I don't know if it speaks more about the rising ignorance of the enthusiast community, the poor coverage/review/ignorance of the tech sites they read, or something else. I can't complain because it is ignorance that allows things like bitcoin mining to remain so profitable, but I find it odd that some people don't pick up on these things.
1) Less emphasis on OCing vs. past generations. We have seen a complete reversal regarding overclocking. GTX460/470/560Ti's overclocking were killer advantages but overclocking of HD7850/7950/7970 cards was downplayed for a while now. There was also a lot of focus on less irrelevant metrics for enthusiasts such as power consumption and overclocking of
reference HD7950/7970 cards with overly conservative 1.25V bioses. Interesting cherry-picking since most enthusiasts tend to buy after-market 7950-7970 cards. AT also never followed up with a single review of any after-market 7950 cards despite us asking for it. Yet after-market GTX660Ti cards were used in reviews against reference 7950.
2) Revisionist history. HD7970GE beat GTX680 all the way in June 2012:
http://www.techpowerup.com/reviews/AMD/HD_7970_GHz_Edition/28.html
http://techreport.com/review/23150/amd-radeon-hd-7970-ghz-edition/11
Computebase showed it winning in 5 out of 6 gaming resolutions / AA settings:
http://www.computerbase.de/artikel/grafikkarten/2012/test-amd-radeon-hd-7970-ghz-edition/4/
Yet again, somehow people kept denying this and stated that only after Catalyst 12.11s that HD7970GE was the faster card. It was actually already faster in June.
3) The first time in history there is a GPU that's faster and cheaper on the high-end for a consistent period of time. It was also remarkable that people talk about GTX680 vs. HD7970 and justify NV's prices due to features/drivers ($360-380 vs. $440-450). Yet one of the big advantages of GTX680 when it launched was its lower price and faster performance. Why didn't NV launch GTX680 at $600 at launch then? I guess back then price/performance mattered but when 680 lost in both areas of price and performance, people went back to the same old argument of "NV's drivers/features are better." The reason NV didn't drop prices is because NV knows its fanbase will pay more; so they keep milking them!
When you consider that for around $500 of many 680s, you can get the Asus Matrix Platinum that at 1330mhz is a good
30% faster than a 680 at 1600P, but that card was largely dismissed and MSI Lightning 680 hailed! Same story with HD7950 OC vs. GTX660Ti = largely dismissed on our forum (although at OCN forums and OcUK forums this wasn't the case). Similarly HD7970s were selling as low as $380 as far back as July 2012.
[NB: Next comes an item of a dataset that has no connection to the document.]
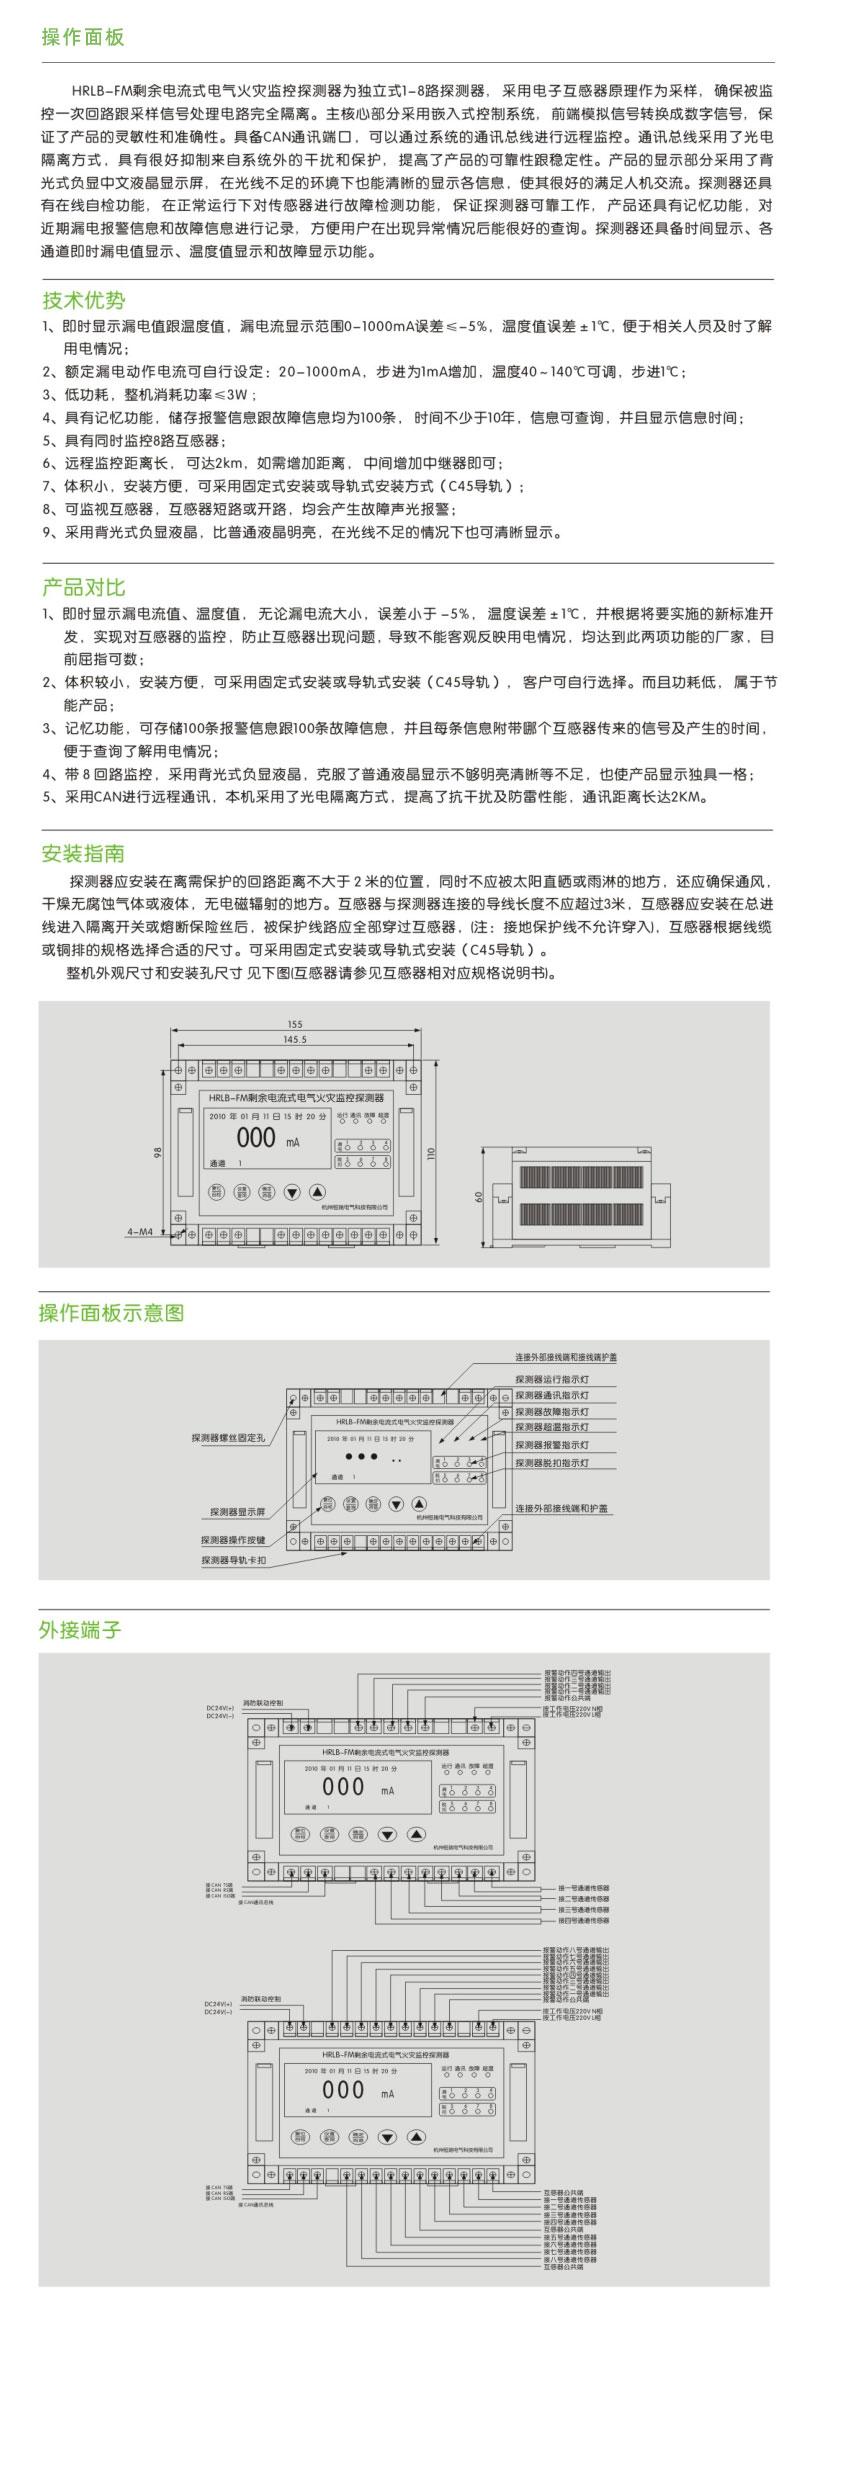 02_2_detail_HRLB-FM(1-8路明装液晶型).jpg

4) Dismissal of BTC -- key feature that made AMD cards way cheaper/free over time. I remember when GTX600 owners also dismissed BTC mining as not a worthwhile feature since a case was being made that people buy GPUs for gaming, who cares about some trivial ways to use the GPU to make $. Fast forward and by the time HD8000 series launches, many people who didn't dismiss BTC have now fully paid off X # of HD7970 cards in their rigs, and will have saved up enough for free HD8000/GTX700 upgrades by Q4 2013. If anything BTC prices are rising to
$24/coin which means all those coins collected by HD7000 owners from January 2012 have increased in value 4x as BTC coins were going for $6-7 at that time!
5) Discussion of "HD7970's rip-off high prices" at launch is used to justify the existing high prices of 680s, despite 680 losing by 10-11% to HD7970GE today. Whatever price structures were in effect 8-9 months ago isn't really relevant to today since prices adjust and we should adjust our recommendations. Consider that GTX580 is just
9-15% faster on avg than HD6970 and it cost $130 more.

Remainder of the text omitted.